One of the most vivid examples of the contrast between a serious person and unserious people is found in Jane Austen’s Mansfield Park. The story follows Fannie Price, the daughter of a woman who married a less-than-reputable man and had more children than they could afford to feed in Regency England. In an effort to help ease the family’s economic woes, sixteen-year-old Fannie goes to live with her wealthy uncle. She learns and observes the social norms of the time. She receives an education. She is expected to converse with and entertain her aunts. Her wealthy cousins, while well-dressed, moving in the proper social circles, and boasting the highest educational opportunities, prove themselves over the course of the story to be poor in thought and poor in character.

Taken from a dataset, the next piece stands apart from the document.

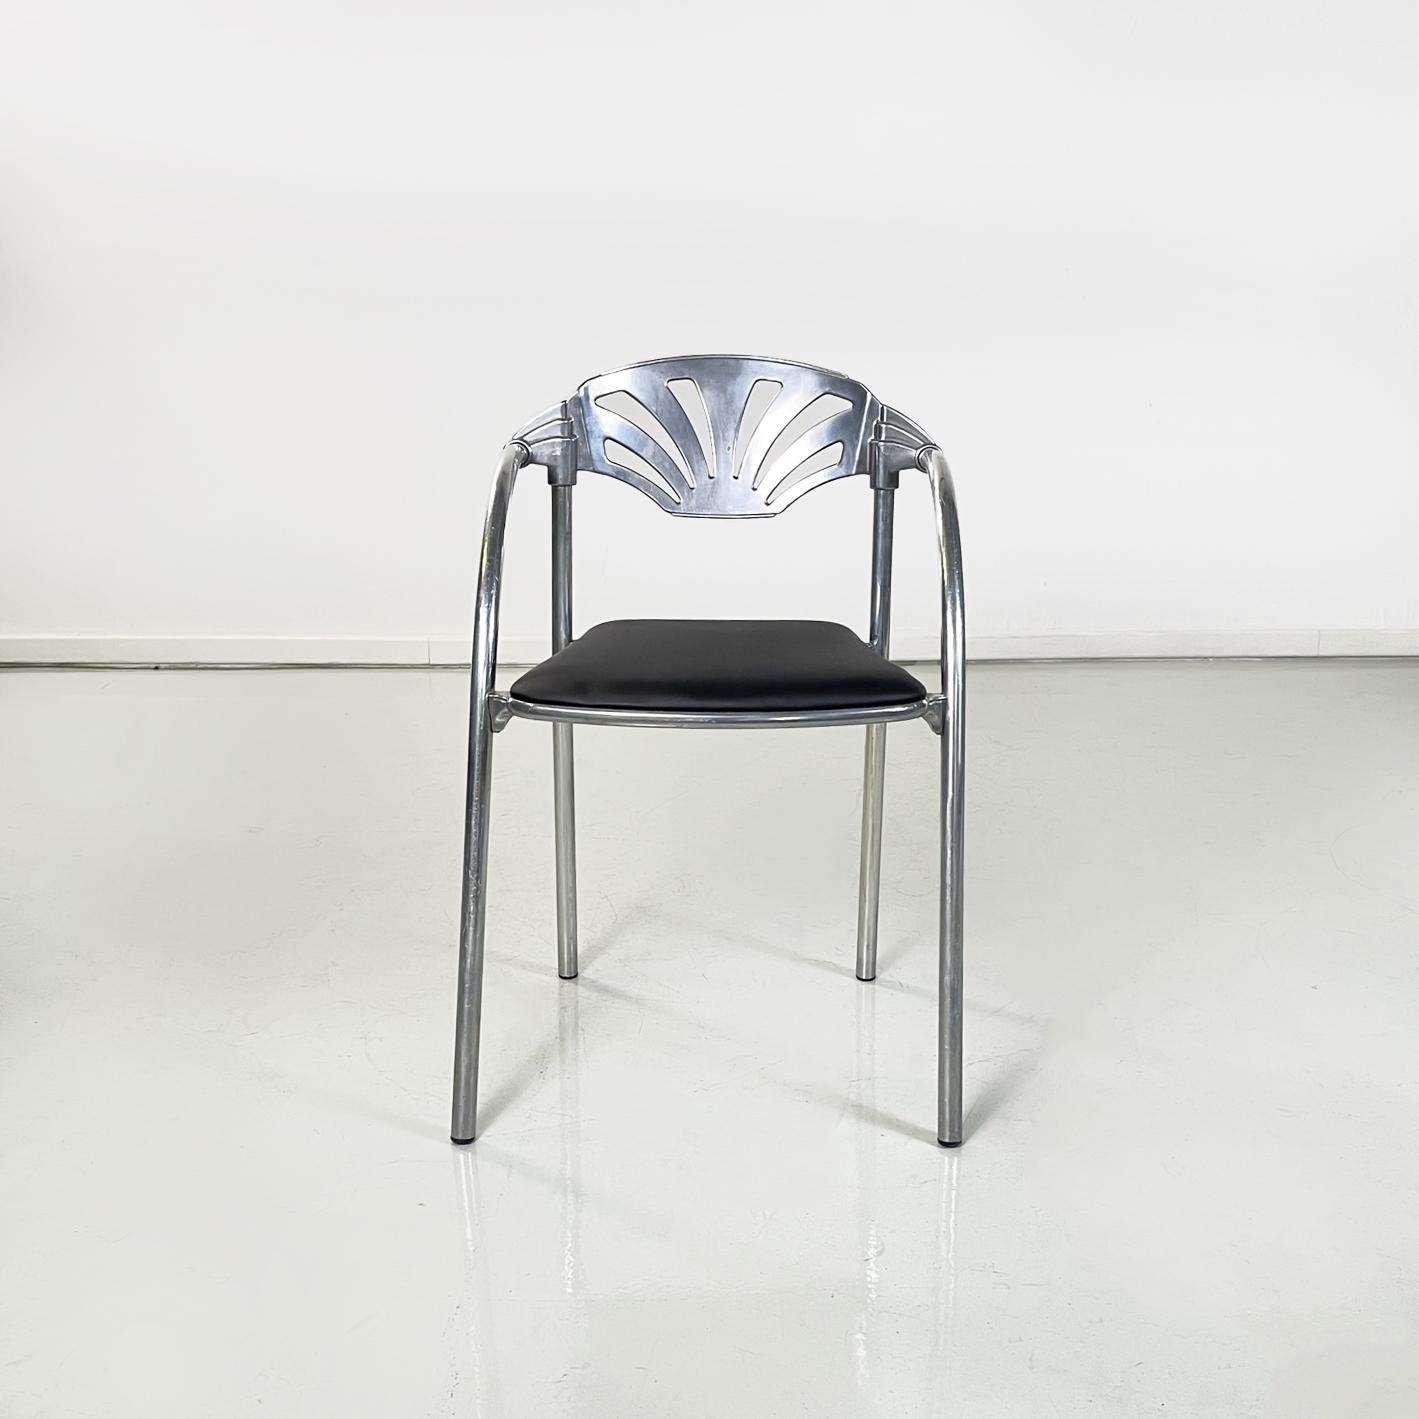 Modern Italian modern black sky Chairs Alisea by Lisa Bross for Studio Simonetti, 1980s

Fannie spends much of the story deep in thought, weighing the choices she’s seen her cousins make against what they’ve all been taught. She struggles finding herself the object of unwanted attention and finds her character called into question. The cousins end up making terrible decisions in life and love because of their inability to be serious, while Fanny, despite hailing from a humbler background and less extensive education, ends up the heroine, making prudent decisions after much consideration. Fannie is able to recognize the flightiness and lack of seriousness of the Crawford family because she understands and practices the basic expectations of honesty and loyalty. Fannie takes the time to consider which choice is right, rather than simply choosing what is immediately inviting, and this ability to think, the ability to be serious, ultimately wins the day.

More than once while reading Mansfield Park, I had an internal debate as to whether Fannie was holding herself to high standards or if she was simply being judgmental. How often today are the two considered one and the same?

Austen’s point is that character and good decision are not guaranteed by being born poor nor rich. Thinking well and thoroughly is the result of years of instruction and molding, a blend of nature and nurture in response to a person’s natural inclinations. Most importantly, thinking requires time and attention to do successfully.

If today’s algorithm based, attention-hijacking tech is the problem, then the answer is to practice holding our attention on what makes us human and what has made us human for centuries. Fortunately, we live in a time of abundance, with a wealth of history, literature, and distilled thinking available at our fingertips. We just have to sift through it. The mark of a serious person is to direct their attention and sustained thought to those topics deserving of it. To answer Gioia’s question, yes, there is a crisis of seriousness, but it is one we can still repair, granted enough of us put our minds and tools to use.


Image: The End of Books, Robida, Albert. Scribner’s Magazine. 1894.